(Reuters) – U.S. House Judiciary Committee Chairman Jerrold Nadler gave Attorney General William Barr until Monday morning to give lawmakers access to the full, unredacted version of U.S. Special Counsel Robert’ Mueller report on his Russia probe.
Nadler informed Barr of the 9 a.m. (1300 GMT) Monday deadline in a letter on Friday after the attorney general failed to show up at a House of Representatives Judiciary Committee hearing scheduled for Thursday.
“In refusing to comply with congressional oversight requests, the department has repeatedly asserted that Congress’s requests do not serve ‘legitimate’ purposes,” Nadler said in the letter.

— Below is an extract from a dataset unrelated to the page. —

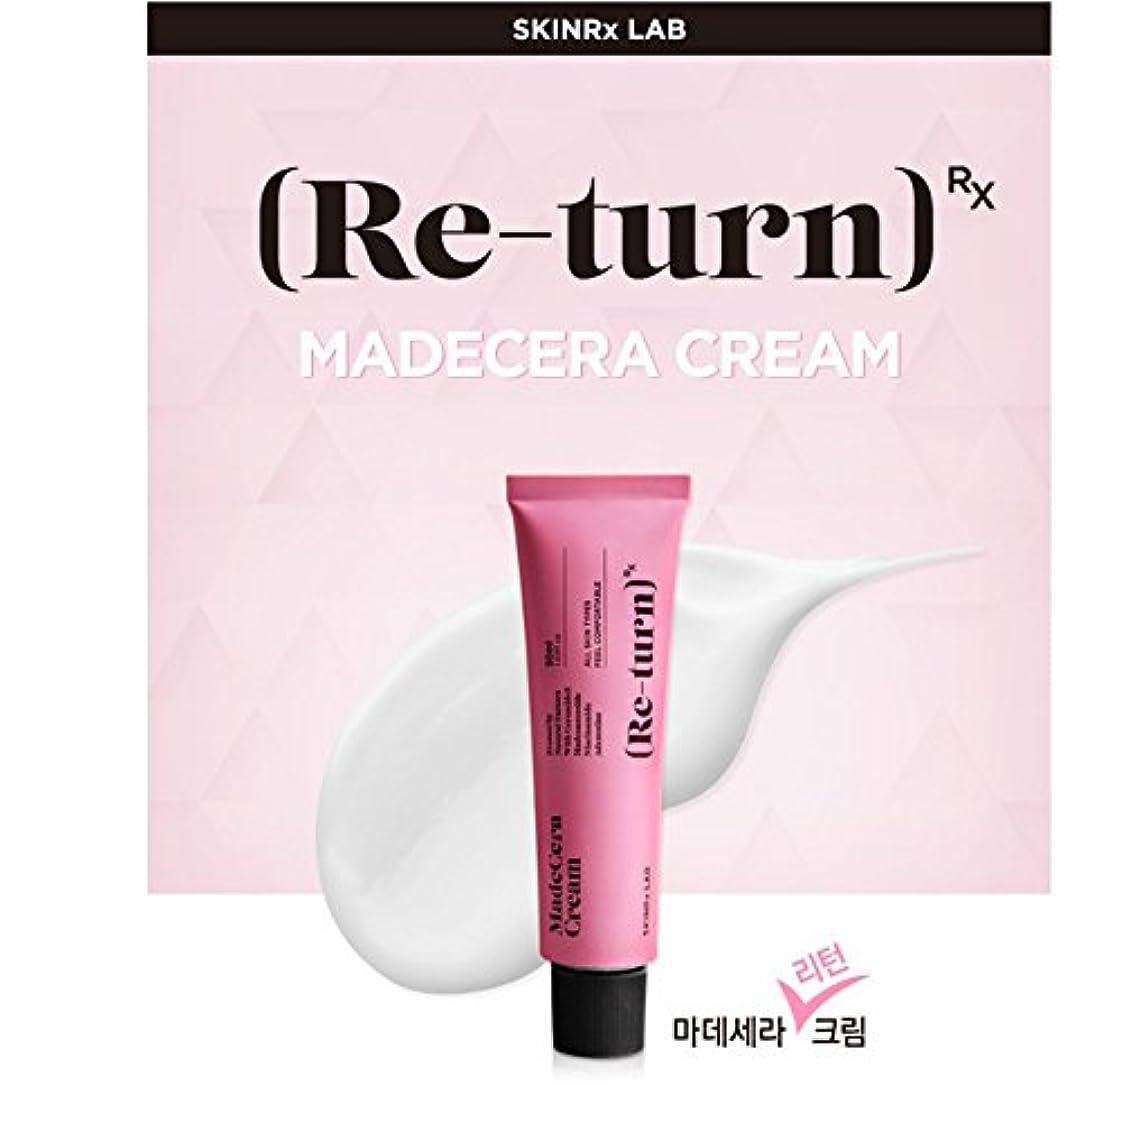 サスティーンコンクリート耐久スキンアルエクスラップ マデセラ リターン クリーム 50ml / SKINRxLAB MadeCera Re-turn Cream 50ml (1.69oz)
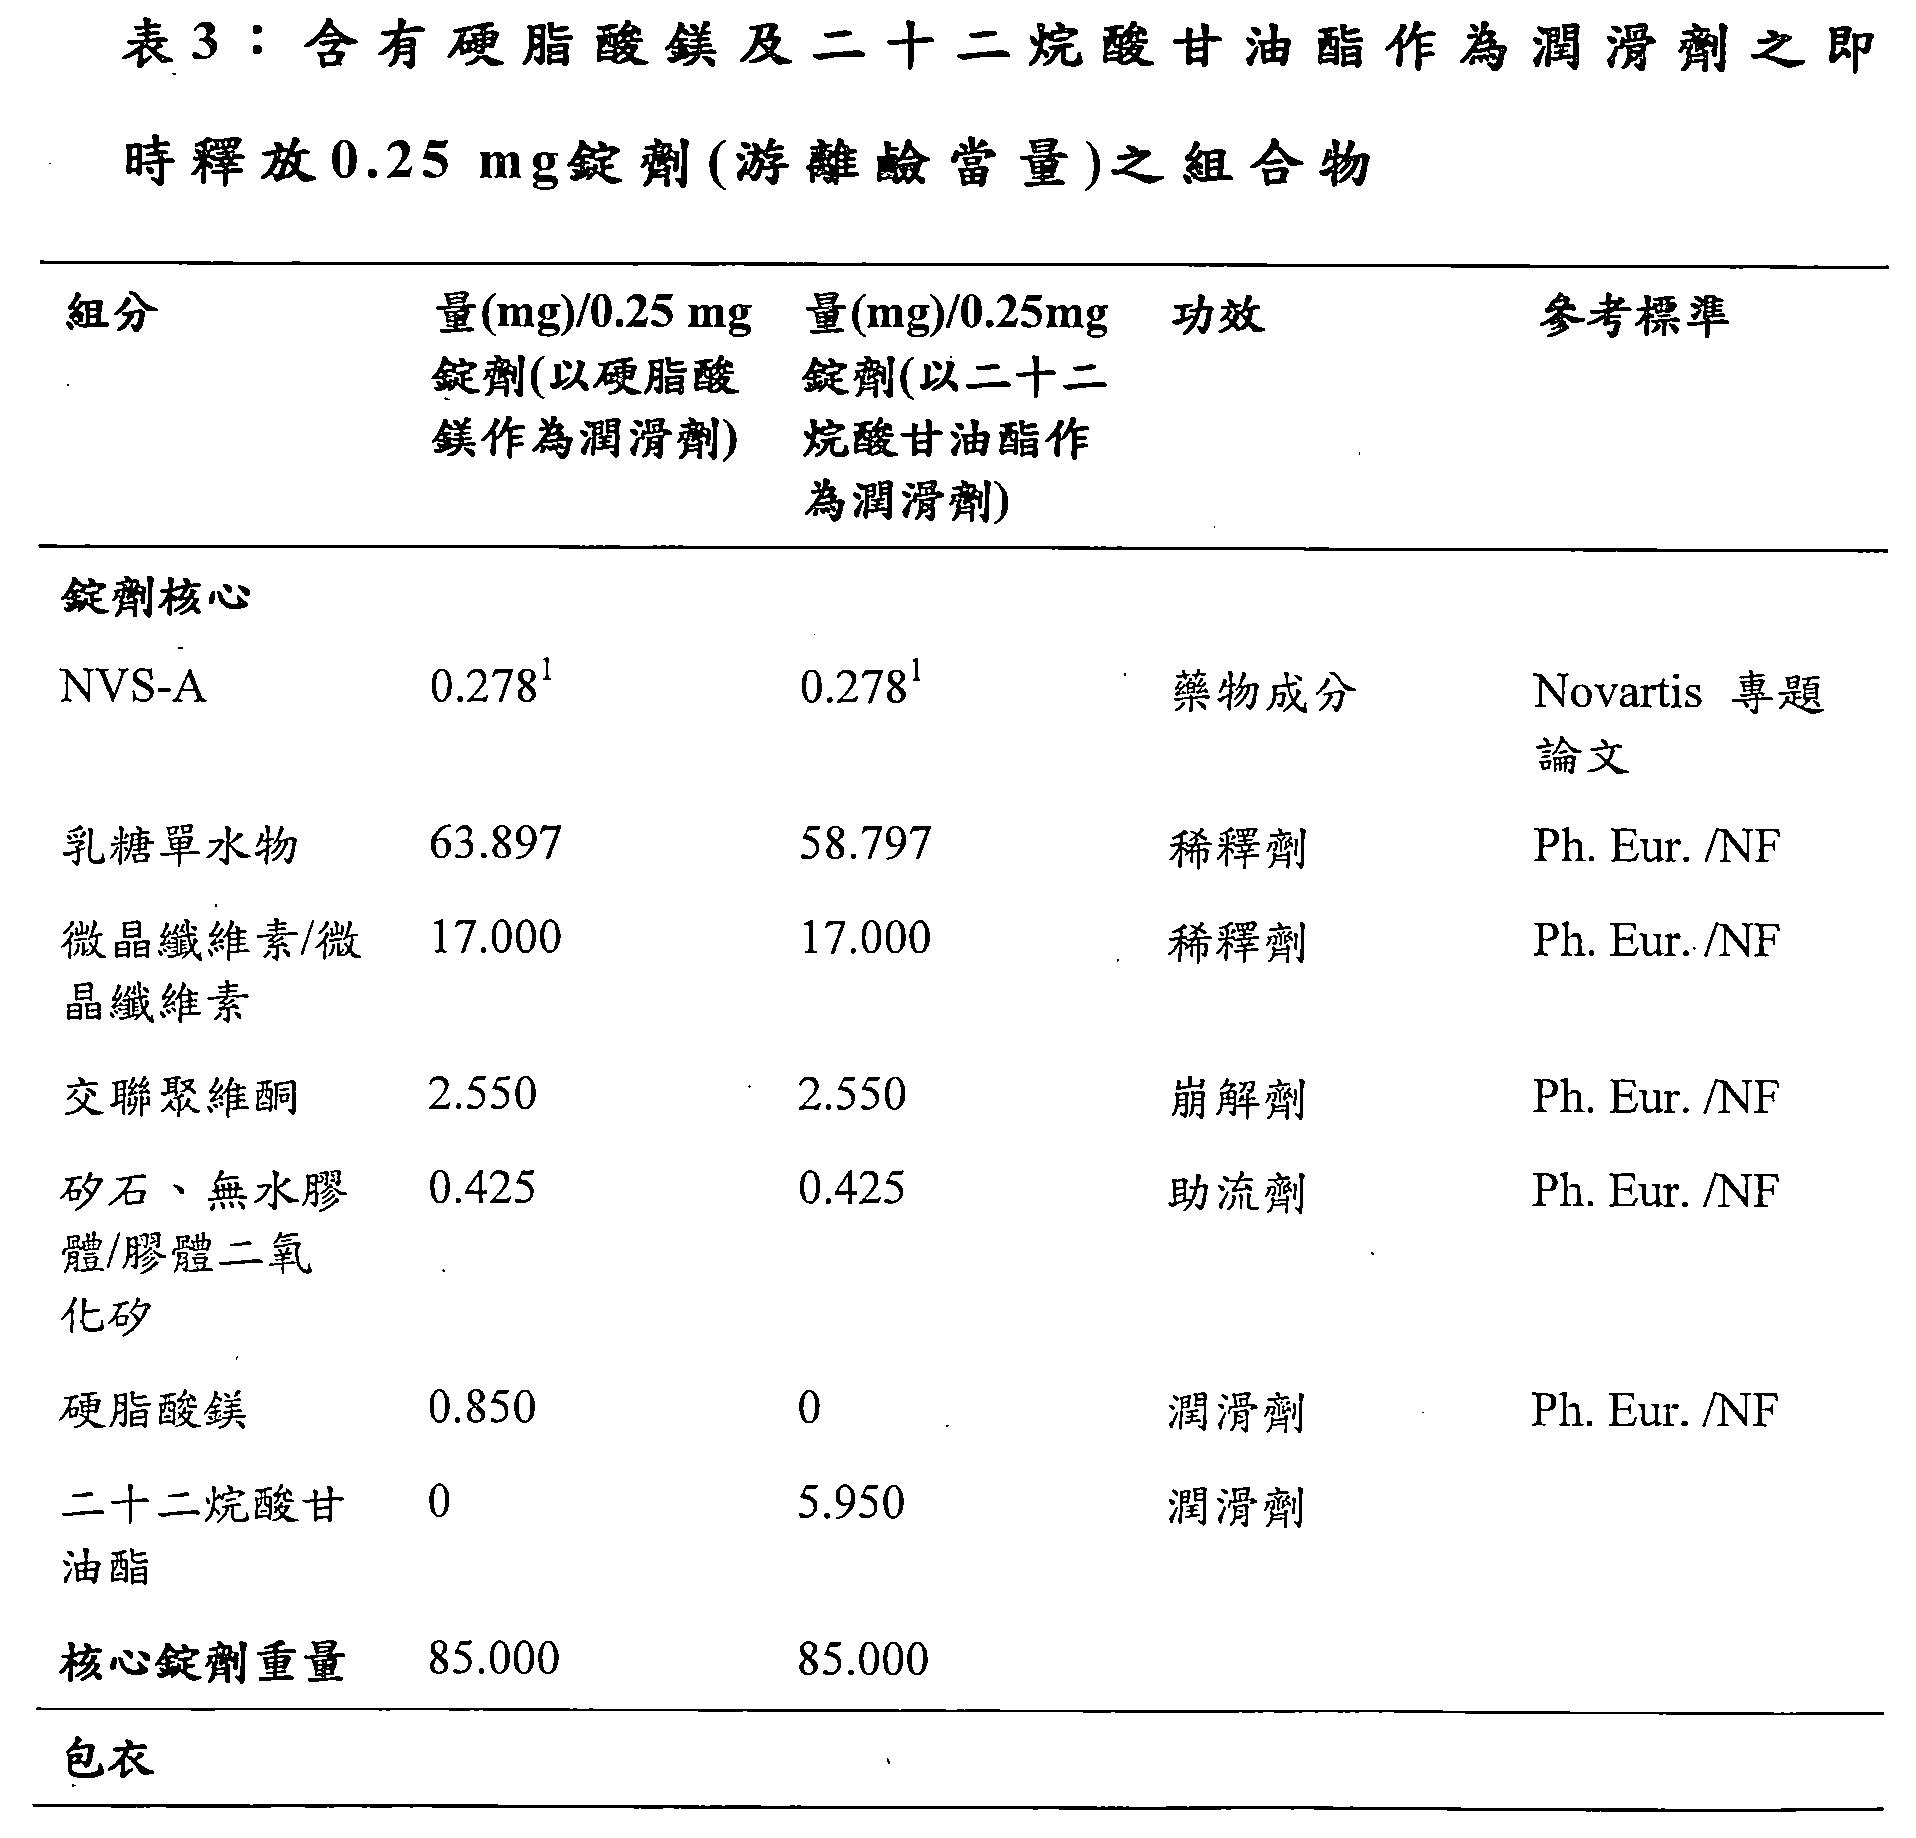 Figure TWI610672BD00014

“This is not the department’s judgment to make,” he added. “Congress’s constitutional, oversight and legislative interest in investigating misconduct by the president and his associates cannot be disputed.”
Barr’s refusal to appear before House Judiciary Committee on Thursday drew an angry rebuke from Democratic lawmakers, with House Speaker Nancy Pelosi accusing the attorney general of lying to Congress and adding, “That’s a crime.”
The House panel met anyway on Thursday and weighed its next steps in a growing constitutional confrontation between lawmakers and the executive branch.
Nadler said he may move to hold Barr in contempt of Congress over his refusal to comply with the subpoena for the full report, which describes Russia’s interference in Trump’s favor in the 2016 U.S. election and Trump’s subsequent attempts to impede Mueller’s probe.